Data extract ▸
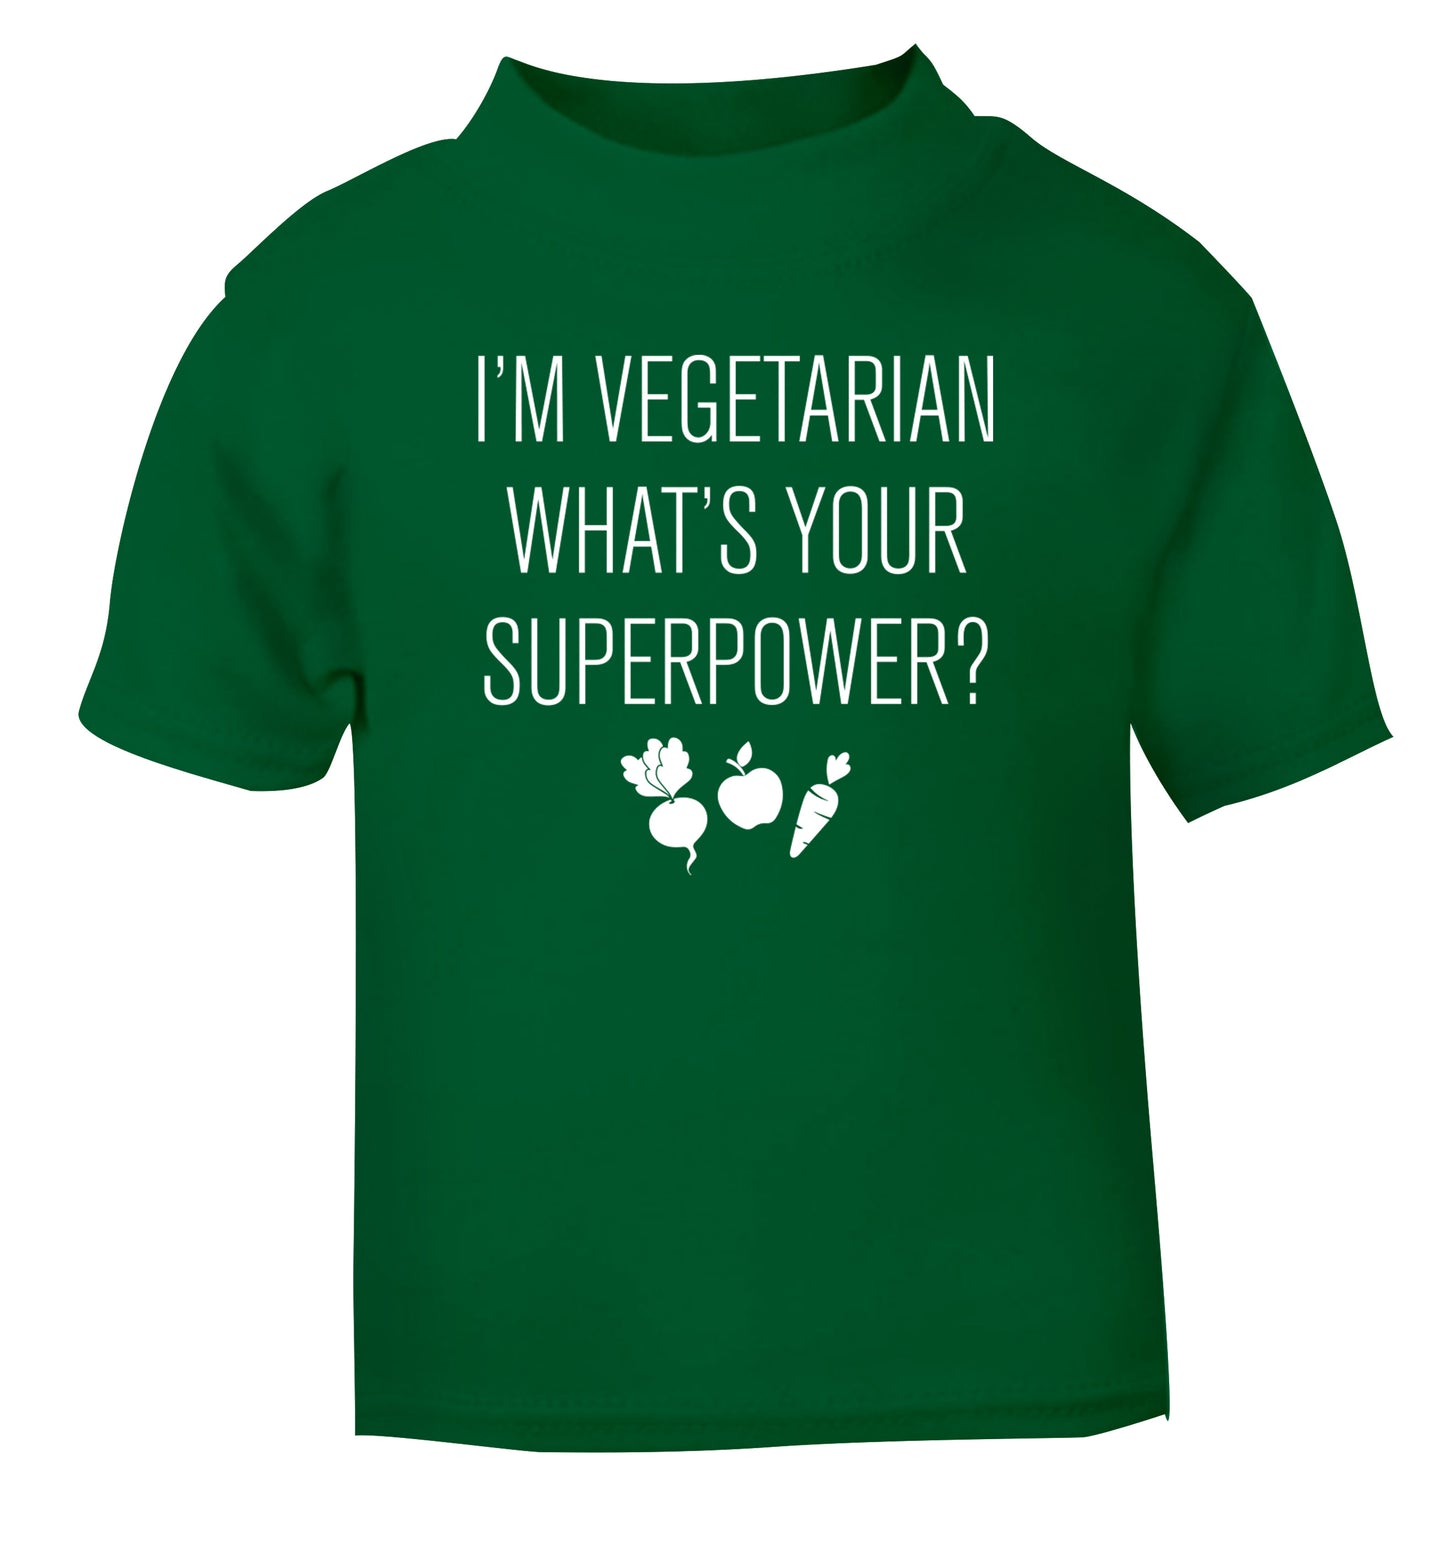 I'm vegetarian what's your superpower? green Baby Toddler Tshirt 2 Years
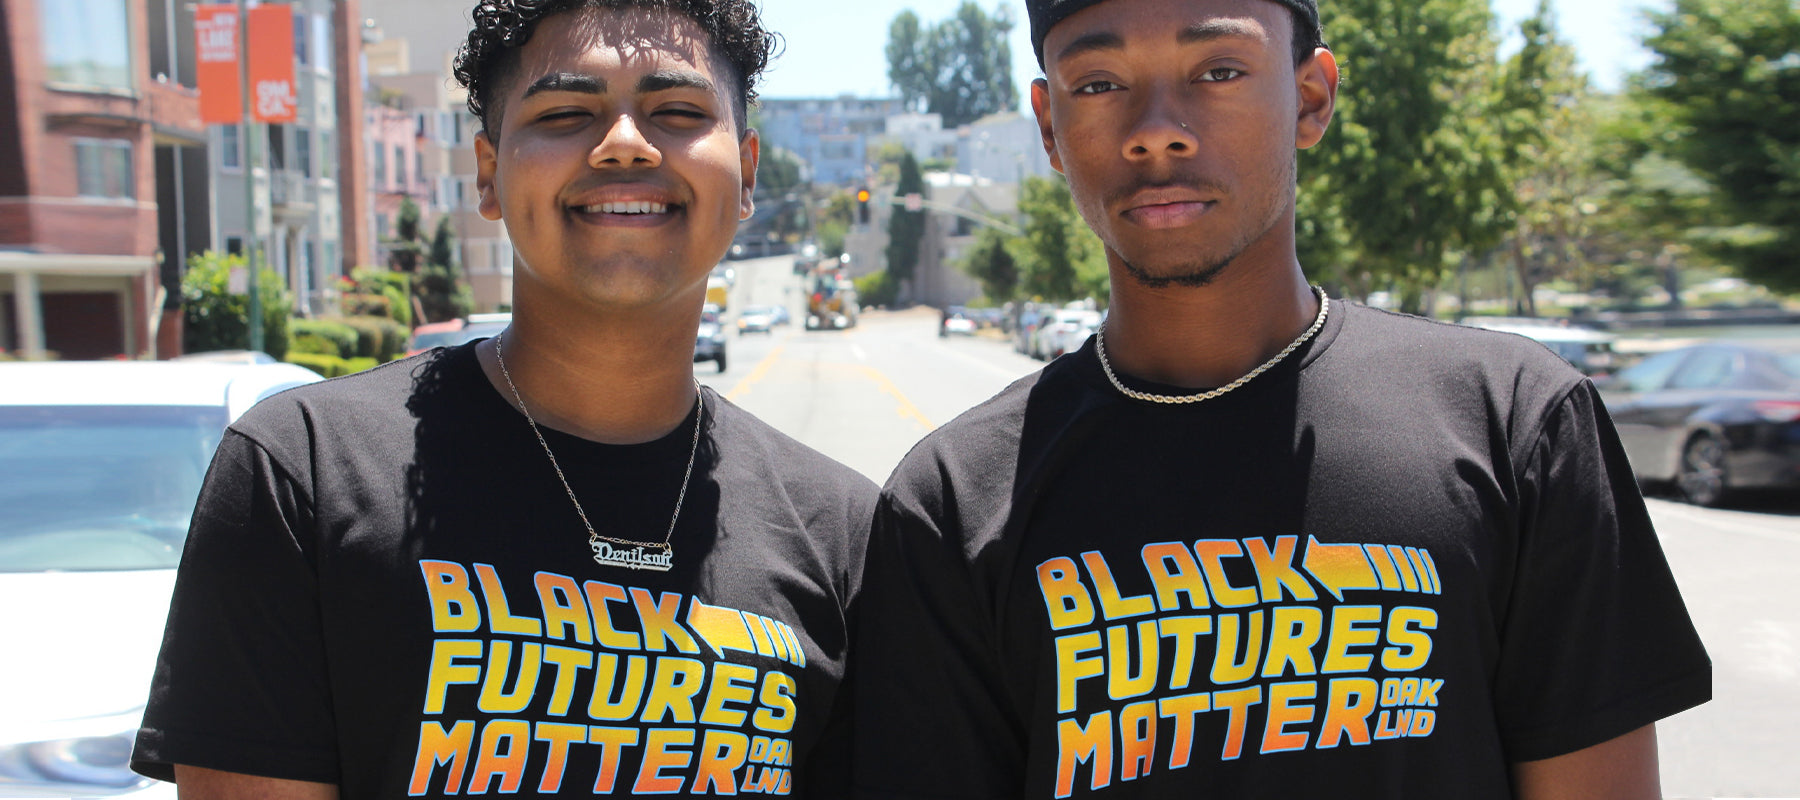 Two Men in Oakland Wearing black t-Shirts with “Black Futures Matter” graphic.
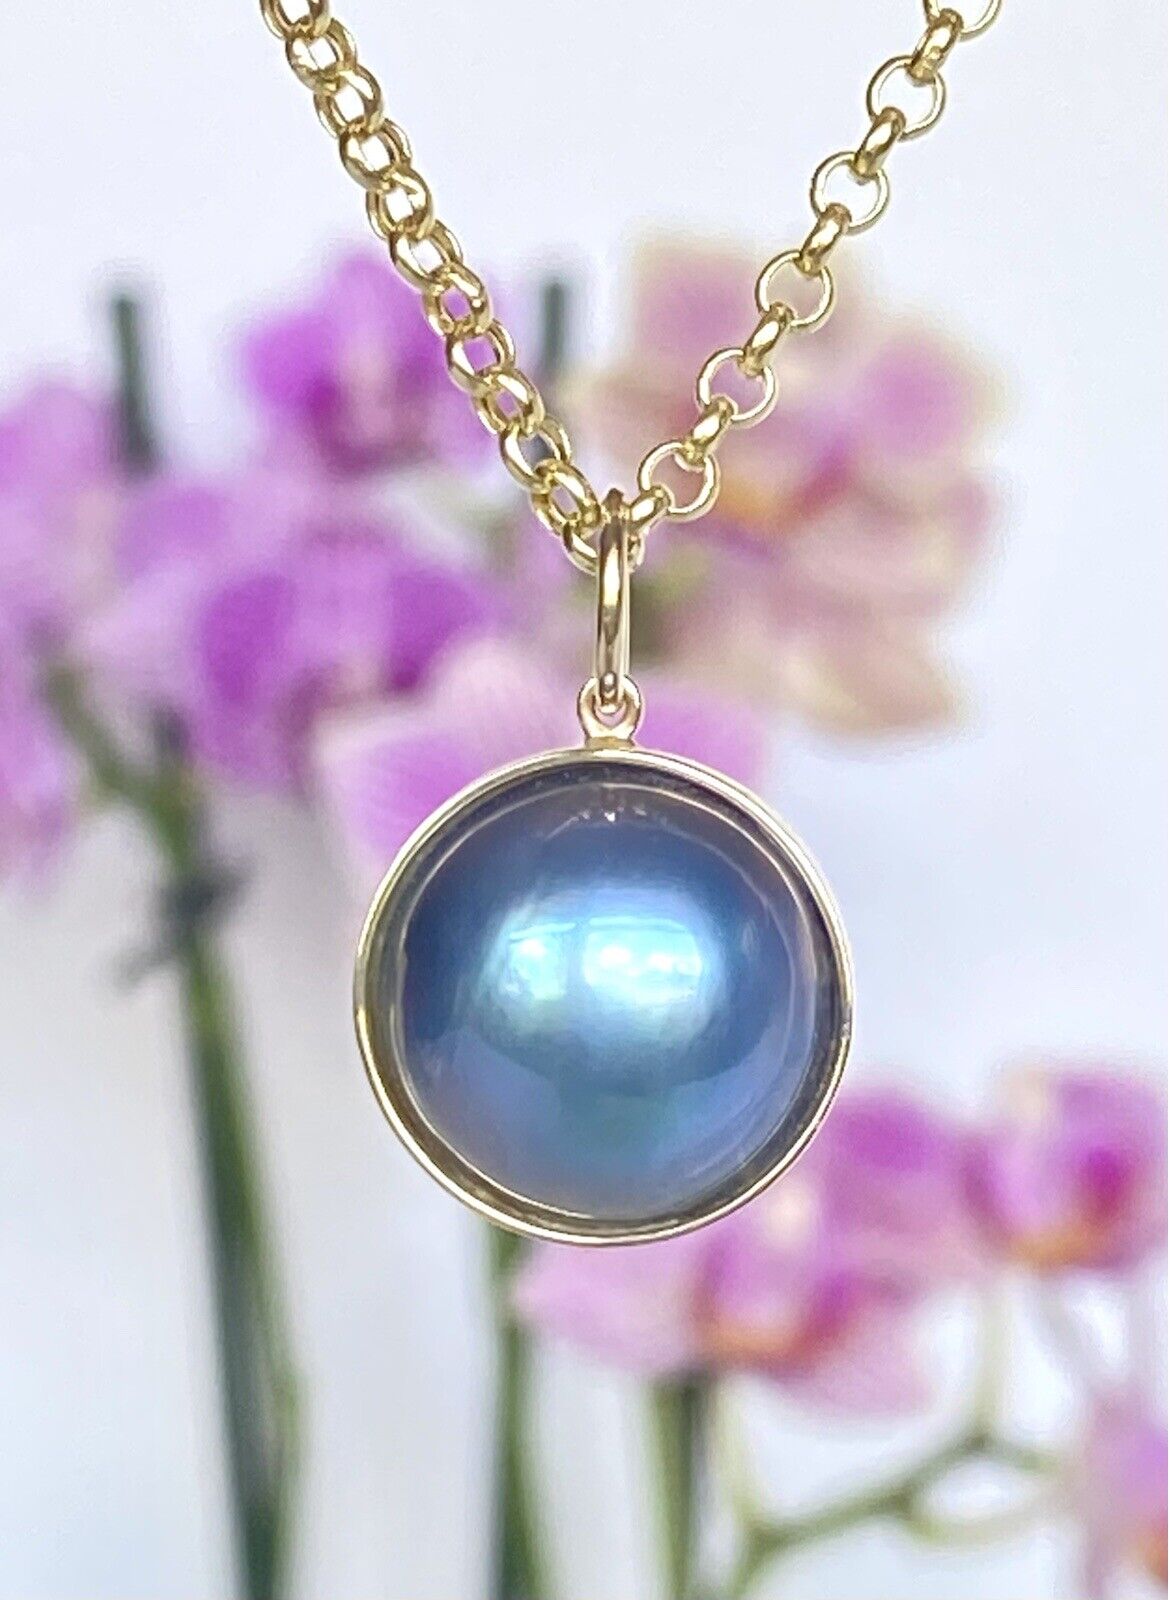 Genuine Peacock Blue Mabe Pearl (13mm) Solid 14K Yellow Gold Pendant, New #1
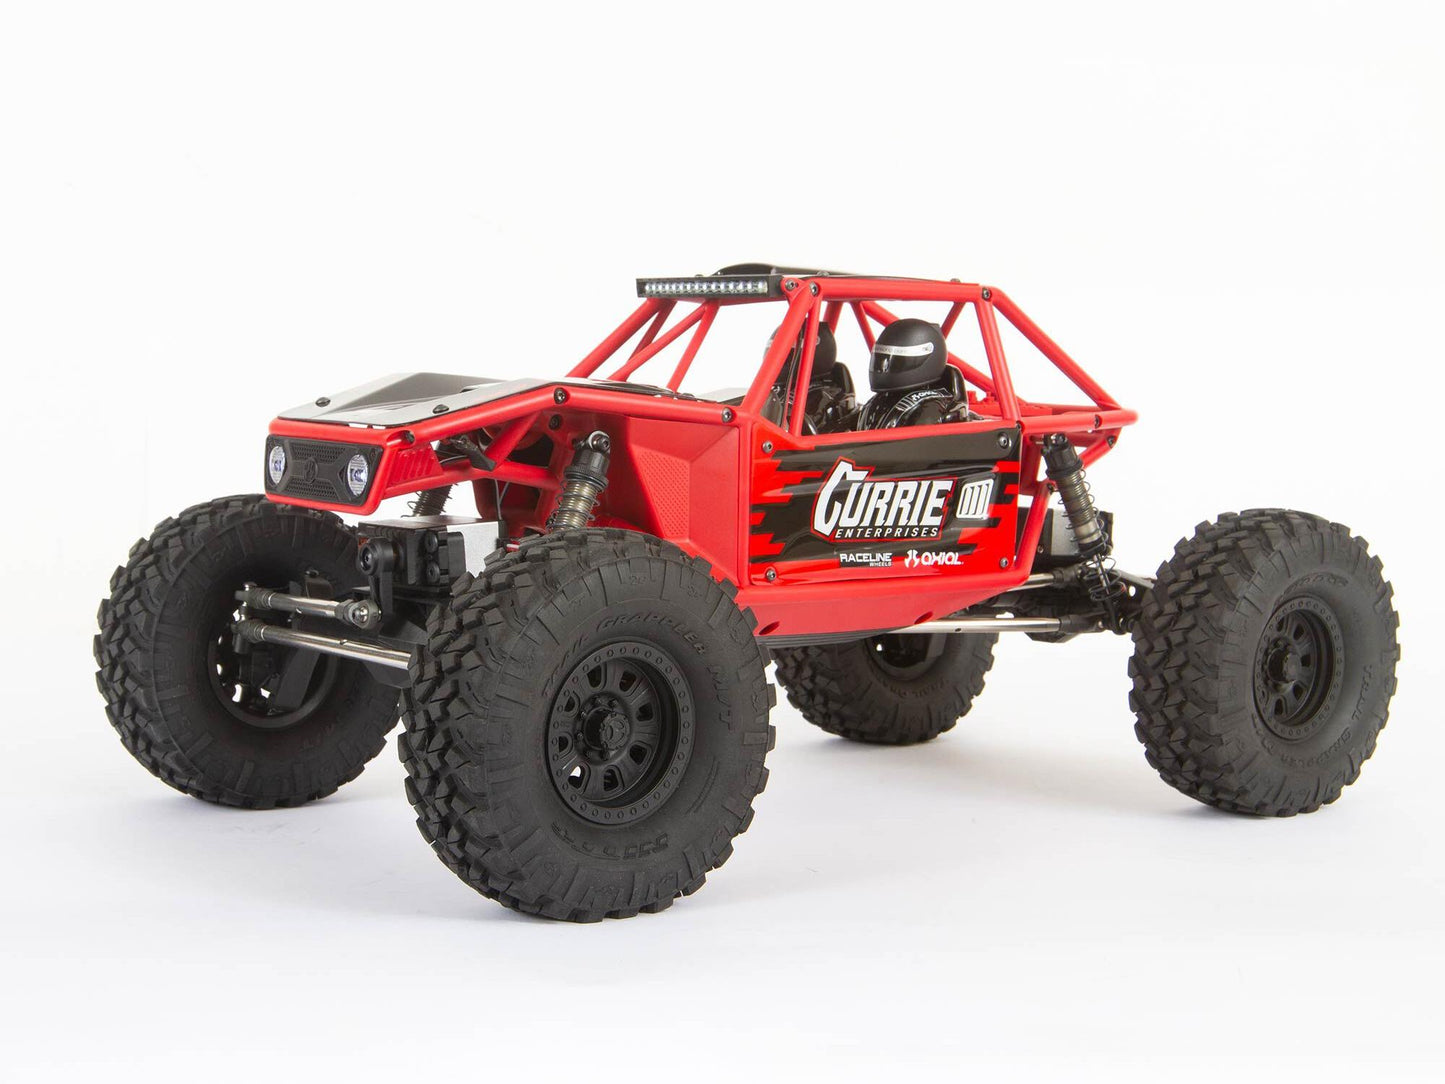 AXIAL 1/10 Capra 1.9 4WS Unlimited Trail Buggy RTR, Black  AXI03022BT2 Red AXI03022BT1  shadow stock

Work item ▸
Reproduce the entire listing above precisely, but keep the images out.

Answer for this exercise ▸
 I'm vegetarian what's your superpower? green Baby Toddler Tshirt 2 Years
 Two Men in Oakland Wearing black t-Shirts with “Black Futures Matter” graphic.
 Genuine Peacock Blue Mabe Pearl (13mm) Solid 14K Yellow Gold Pendant, New #1
 AXIAL 1/10 Capra 1.9 4WS Unlimited Trail Buggy RTR, Black  AXI03022BT2 Red AXI03022BT1  shadow stock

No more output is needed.